__DATASET RECORDS__
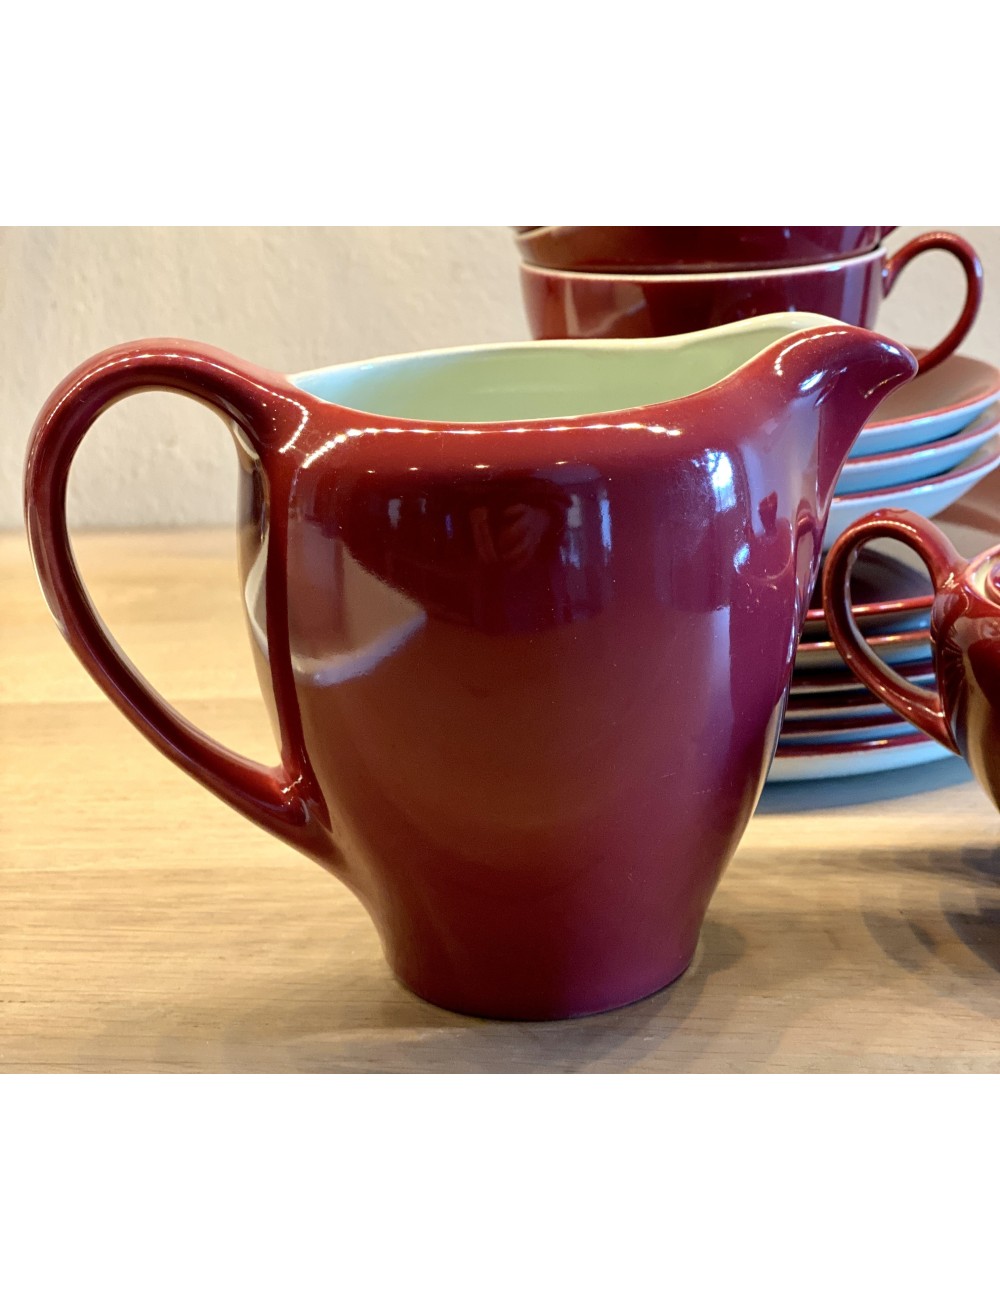 Melkkannetje - Royal Goedewaagen Potteries Gouda - bordeaux rood met licht groenige binnenkant
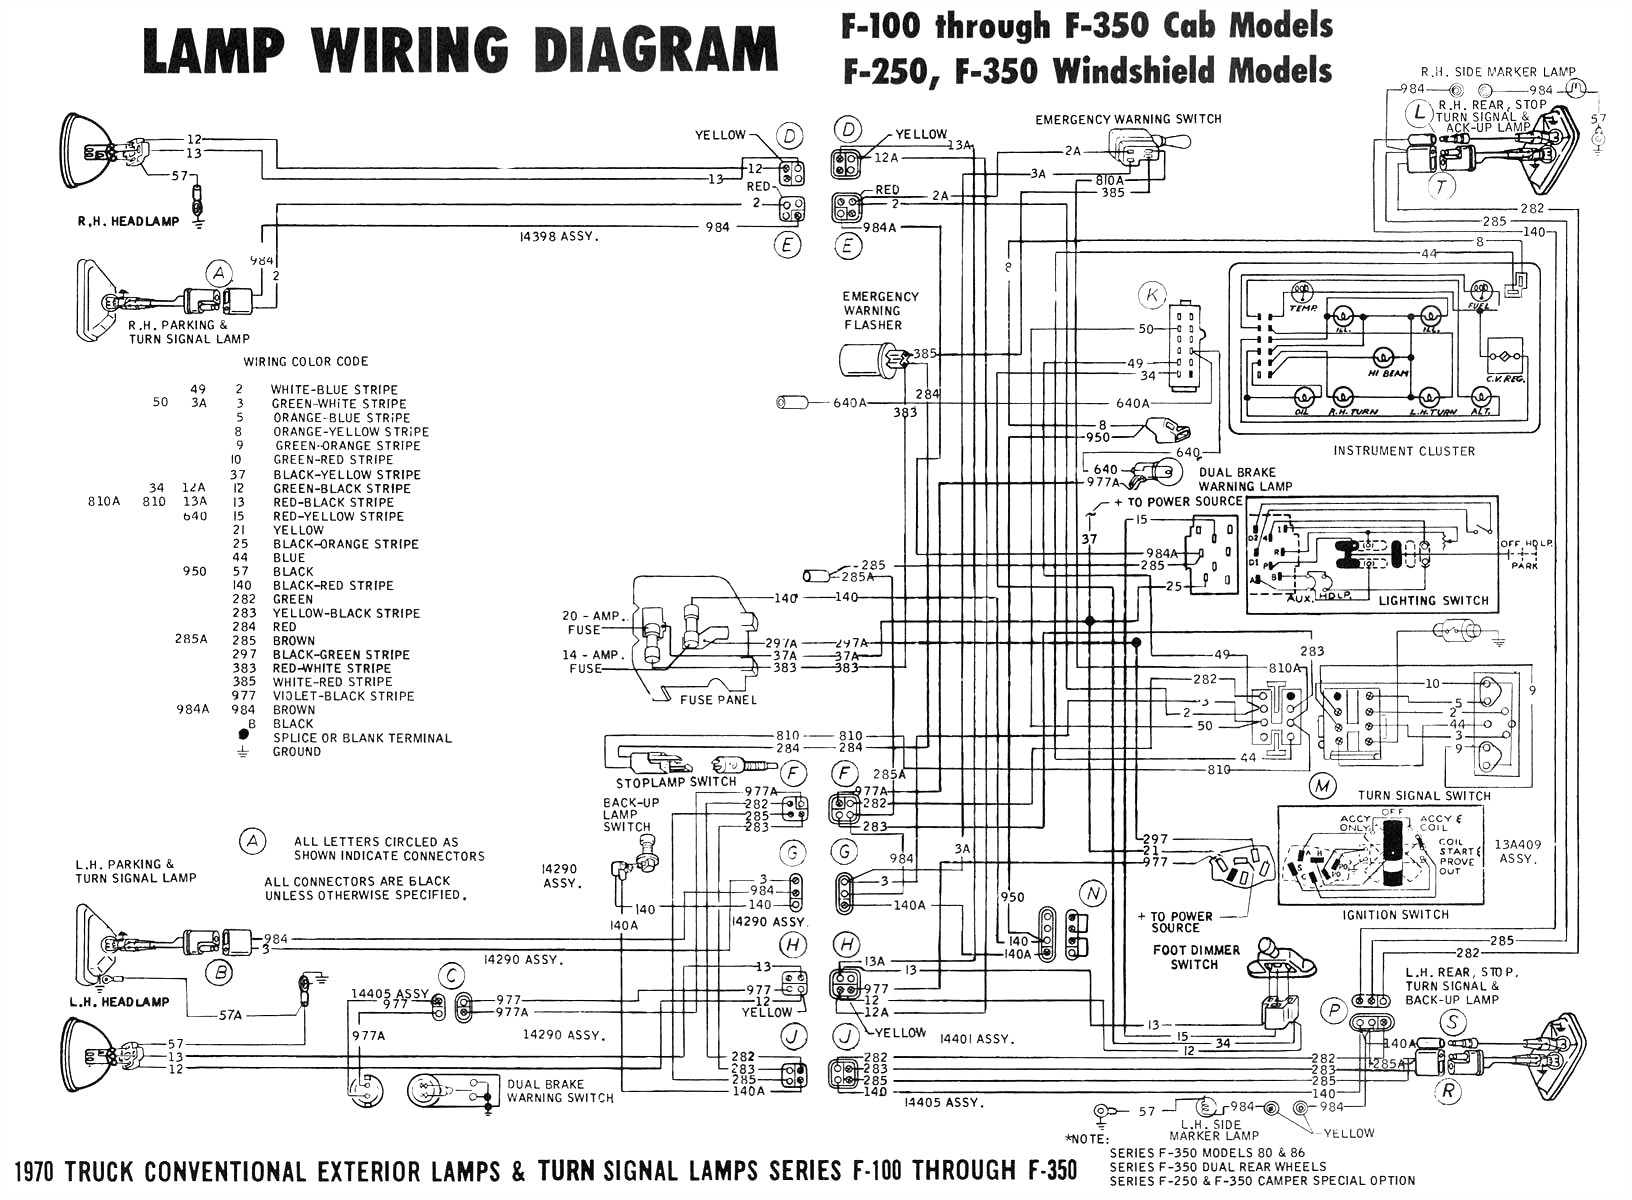 oshkosh mb amp gauge wiring diagram wiring diagrams schema 1987 ford f600 wiring diagram wiring diagram
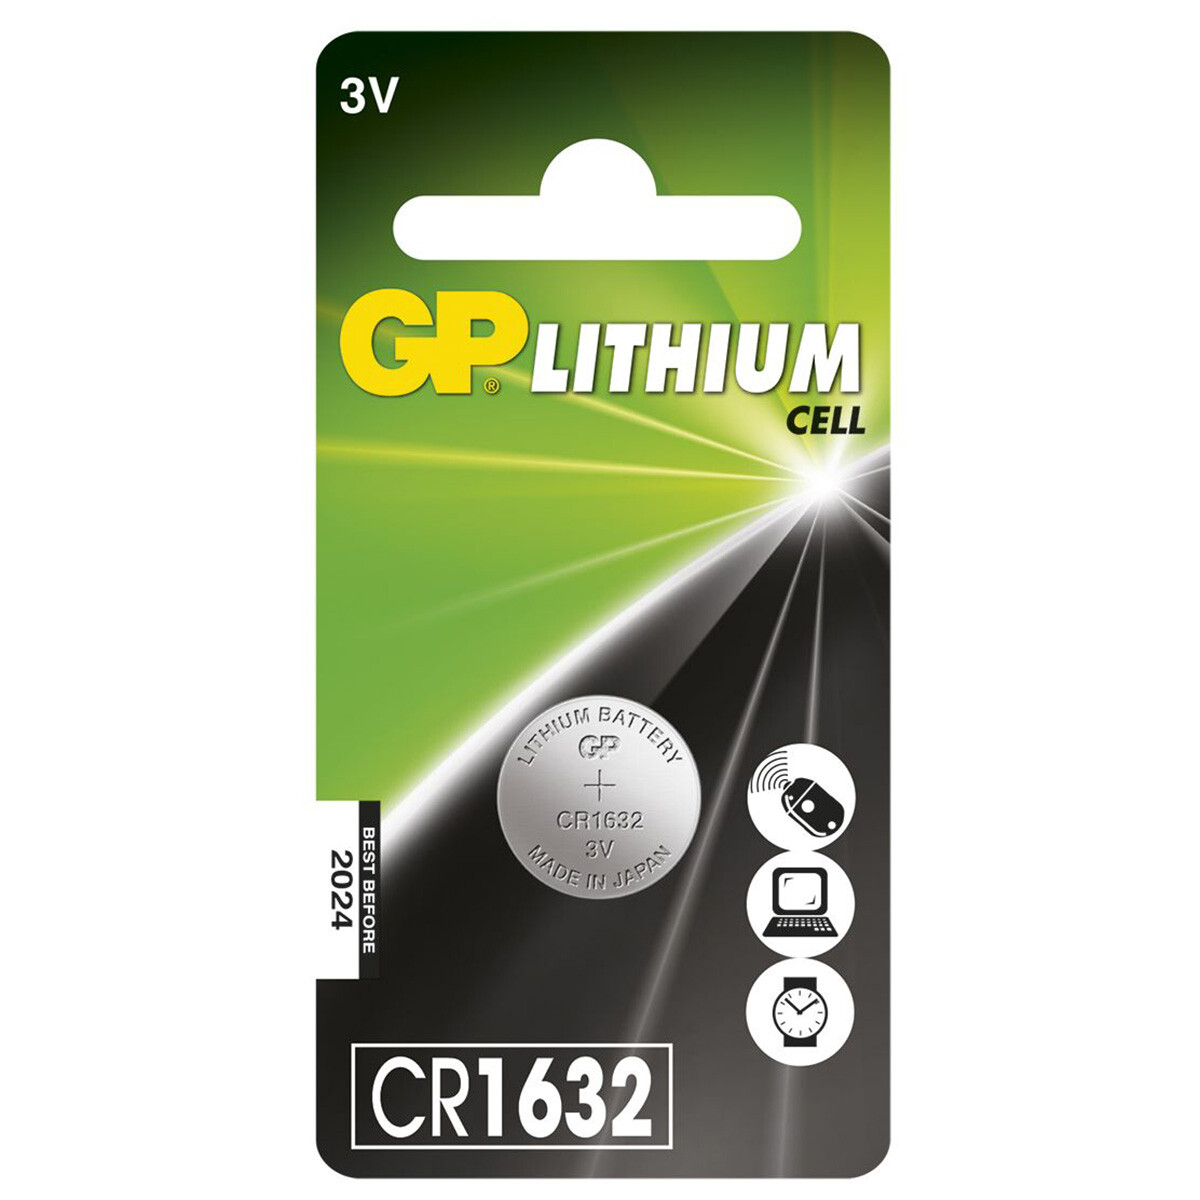 Se GP Lithium 3V CR1632 C1 Knapcelle Batteri hos Specialbutikken
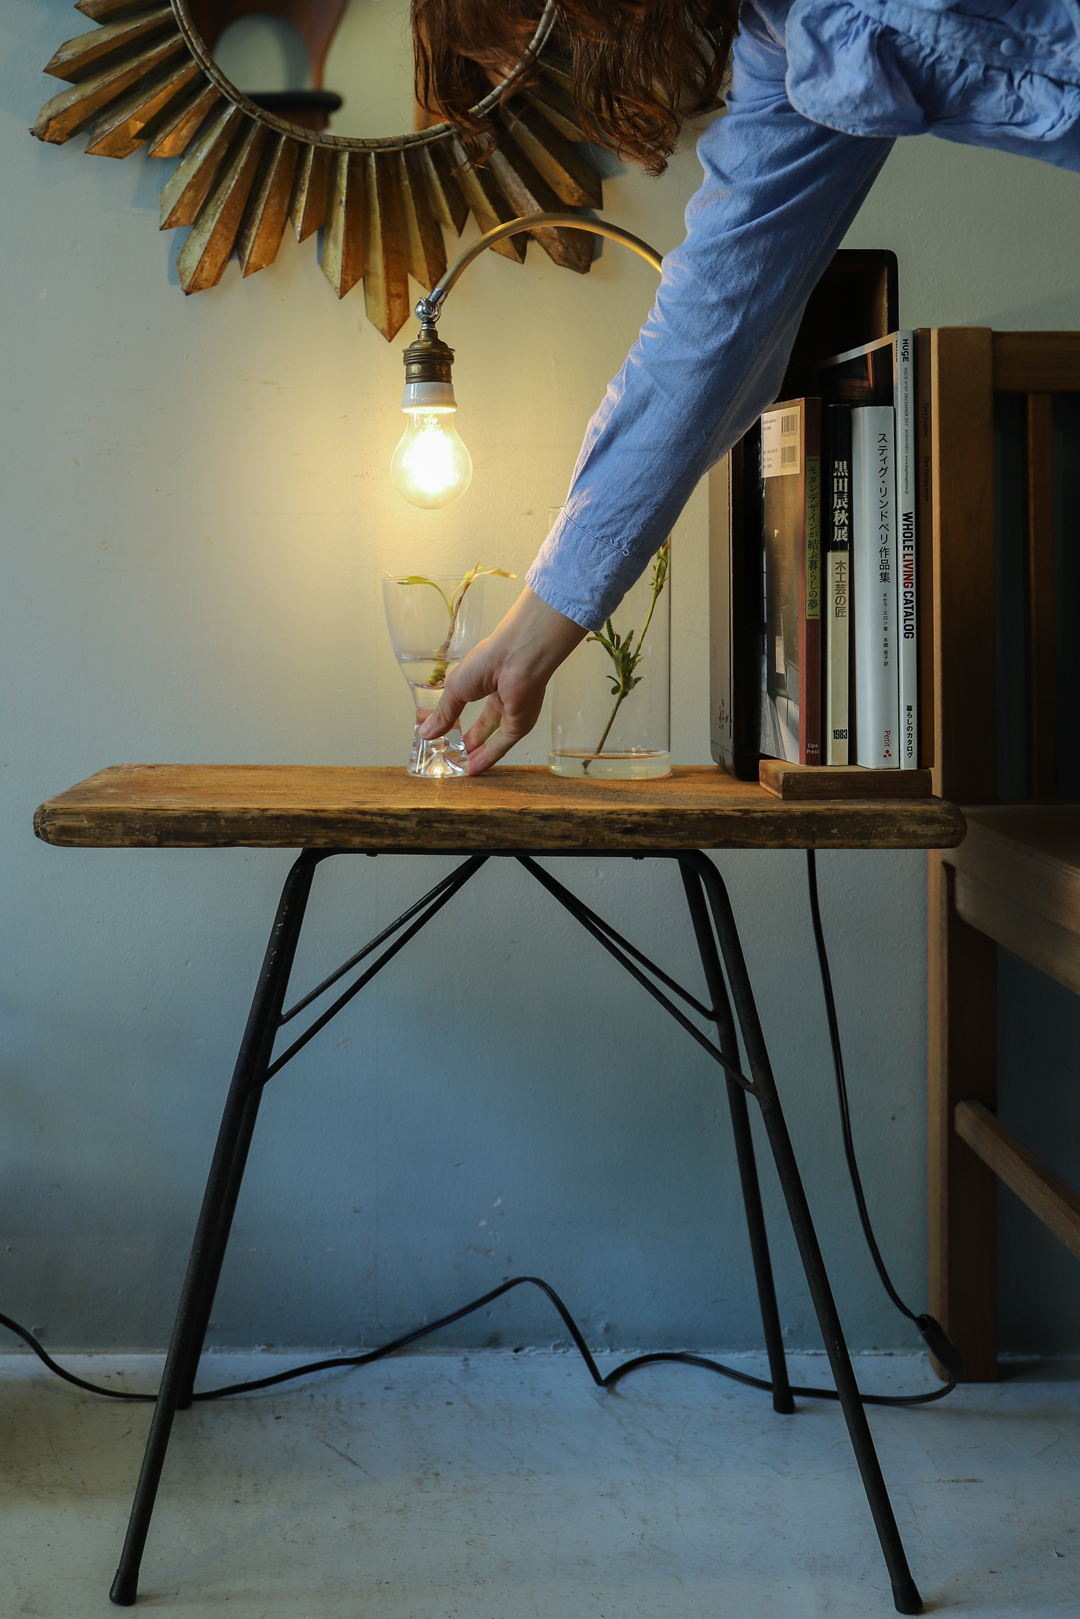 Antique Console Table with Lamp/アンティーク コンソールテーブル ランプ マガジンラック 間接照明 シャビーシック
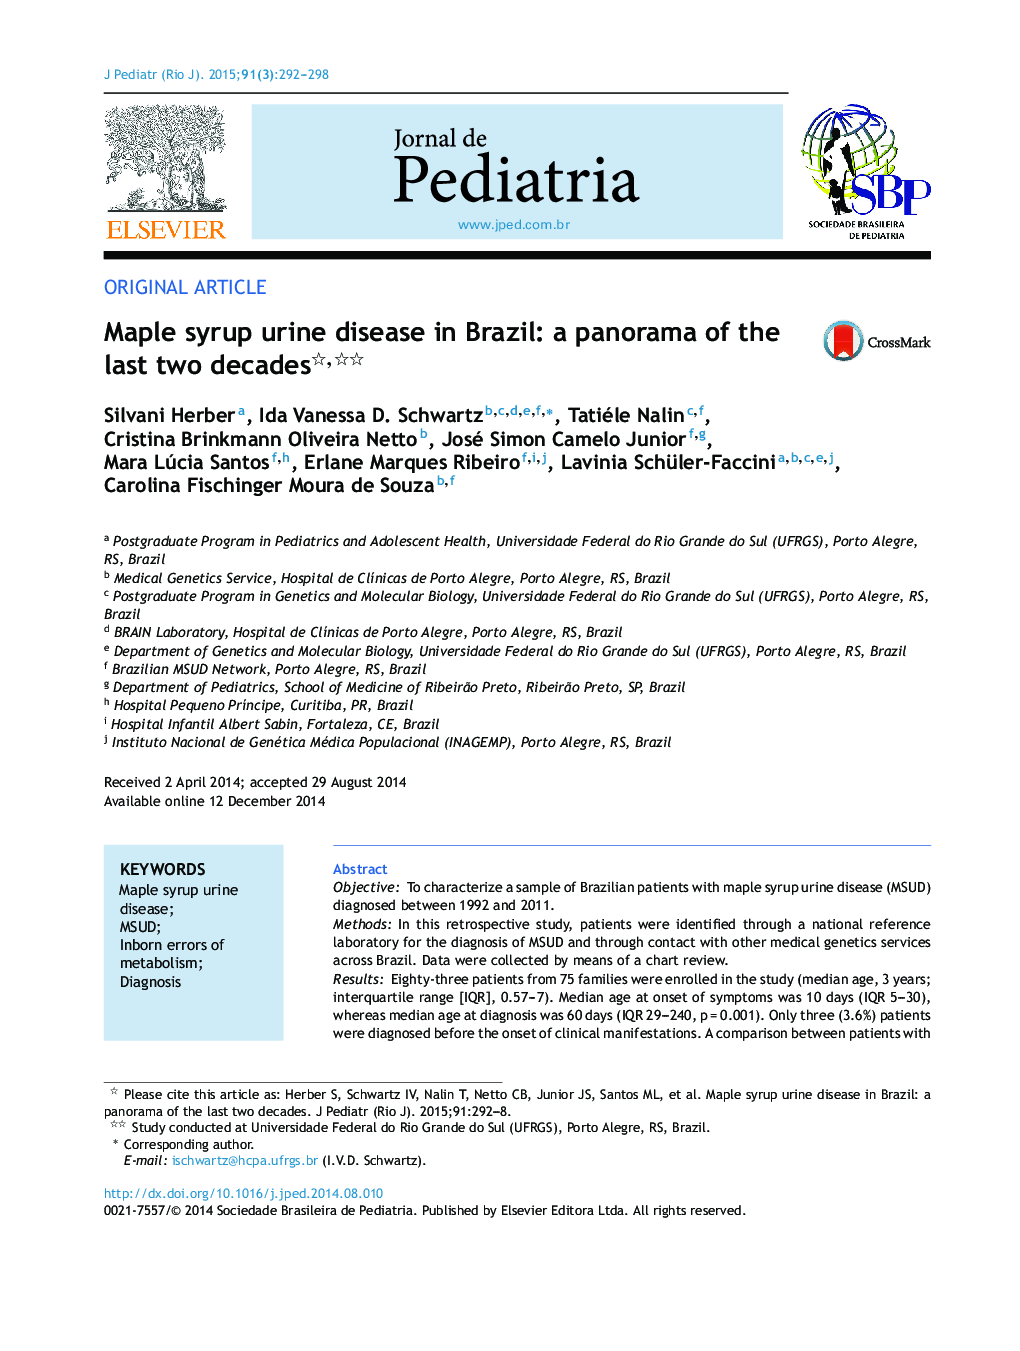 بیماری ادرار شربت افرا در برزیل: چشم انداز دو دهه گذشته

__EXERCISE DIRECTIONS__
The expected output is the lines from the line that contains "Se GP Lithium" through the last line of the material, reproduced exactly, with both ends present and pictures absent.

__SOLUTION TO THE PROBLEM__
 Se GP Lithium 3V CR1632 C1 Knapcelle Batteri hos Specialbutikken
 Antique Console Table with Lamp/アンティーク コンソールテーブル ランプ マガジンラック 間接照明 シャビーシック
 بیماری ادرار شربت افرا در برزیل: چشم انداز دو دهه گذشته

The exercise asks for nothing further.